Classification of extracted ROI using CNN model (Deadlock 1983)

6.3 Performance Analysis of Faster RCNN Model

The model works well when tested under different conditions (Fig. 8). In Fig. 9, the performance of the model is shown. The model does extremely well in detecting the “person” in camouflage in both scenarios. It is equally capable of detecting birds and animals in challenging situations. The model detects a cat from a dark environment and classifies it correctly with a confidence score of 68.75%. It even does well to detect the precise ROI of a parrot in green surroundings and classifies it correctly with a confidence score of 69.92%.

Fig. 8
figure 8

Epochs versus net loss for faster RCNN training

Fig. 9
figure 9

Object detection using faster RCNN in different conditions (https://unsplash.com/)

Further, to improve the performance of the proposals generated by the network, we label anchor targets as either 0 or 1. Considering the scenario where anchor’s and ground truth’s IOU 0.7, the anchor has been labeled as 1. In the proposed methodology, for the object detector network, Binary Cross Entropy [25] has been implemented to calculate the net loss.

The Maximum Average Precision (mAP @ 0.5) and overall mAP score achieved after training the Faster RCNN model on OID v4 were approximately 43.5 and 75%, respectively. The score achieved is quite extraordinary given the challenging conditions on which the model was tested. The initial learning rate (alpha) was set as 0.05 which was tuned over the course of training.

7 Conclusion

In line with the objective of the proposed methodology, a robust object detection and classification algorithm has been achieved. Both CNN-based architecture and Faster RCNN-based models work extremely well when tested in different conditions. The Faster RCNN-based model works particularly well in testing and difficult situations such as low light and objects in camouflage. Both the models have been greatly modified from their respective vanilla architecture, to achieve a state of robustness.

There were some shortcomings too in this methodology. In Fig. 9, the framework misclassified the “owl” and the “tiger” as a dog and a cat, respectively. Although the framework did extremely well in extracting the desired ROI from heavy camouflage, the classification was wrong. This can be solved by taking a stronger dataset to train the models. In the rest of all other cases, the model did a good job in extracting the desired ROI and correctly classifying them. The alerting methodology executed with the rule-based algorithm worked with high precision and robustness. However, an initial problem was encountered, which was unnecessary alerting for minute movements of trees birds, etc. in the optical feedback. This problem was solved by adjusting the contour area on the basis of a specific distance from the camera, keeping in mind the purpose it serves. Maintaining the contour area reduces the unnecessary detection of noise and latent vectors, thus contributing toward its viability.

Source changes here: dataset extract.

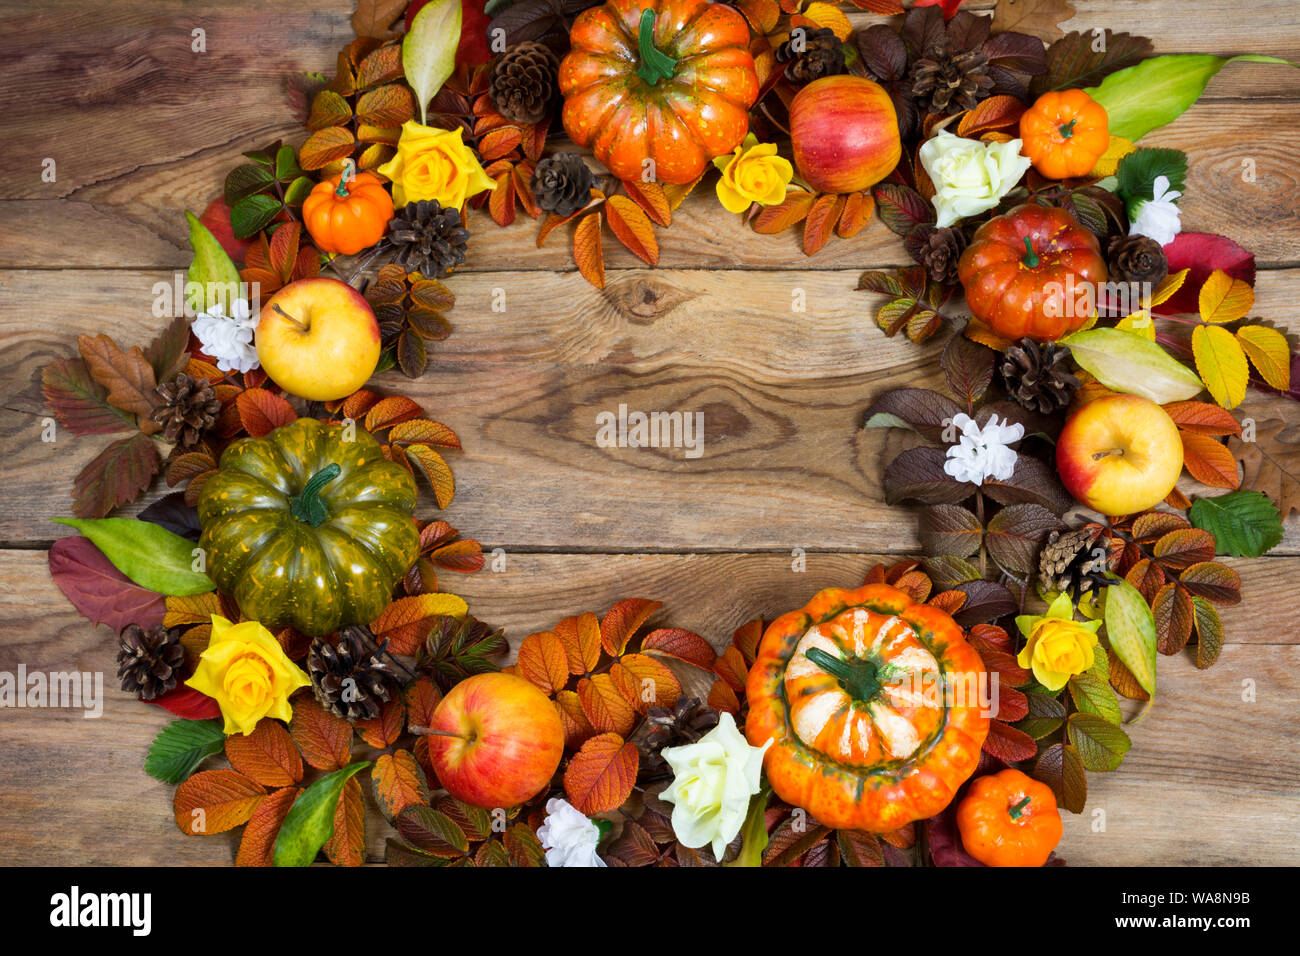 Thanksgiving wreath with pumpkins, apples, colorful fall leaves, pine cones, yellow roses and white flower wreath on the rustic wooden background Stock Photo

The main objective of enhancing the security of smart cities by acting as a defensive mechanism has been achieved. The system is tested on different grounds and it has returned high accuracy. The viability of the framework comes from the fact that it has been tested in crowded places. This is a very important aspect as smart cities are usually very crowded due to available job opportunities and promising quality of life. In short, it can be rightly concluded that the proposed framework works with high precision and robustness. The computational power is low and also eliminates all hardware dependencies. The proposed framework, thus, can be deployed in real life in developing and developed smart cities of India such as Agartala, Silchar, Durgapur, Indore and Varanasi. This framework along with minute modifications can be an effective tool in solving a large array of security problems in smart cities that can be classified as detection-related conundrums.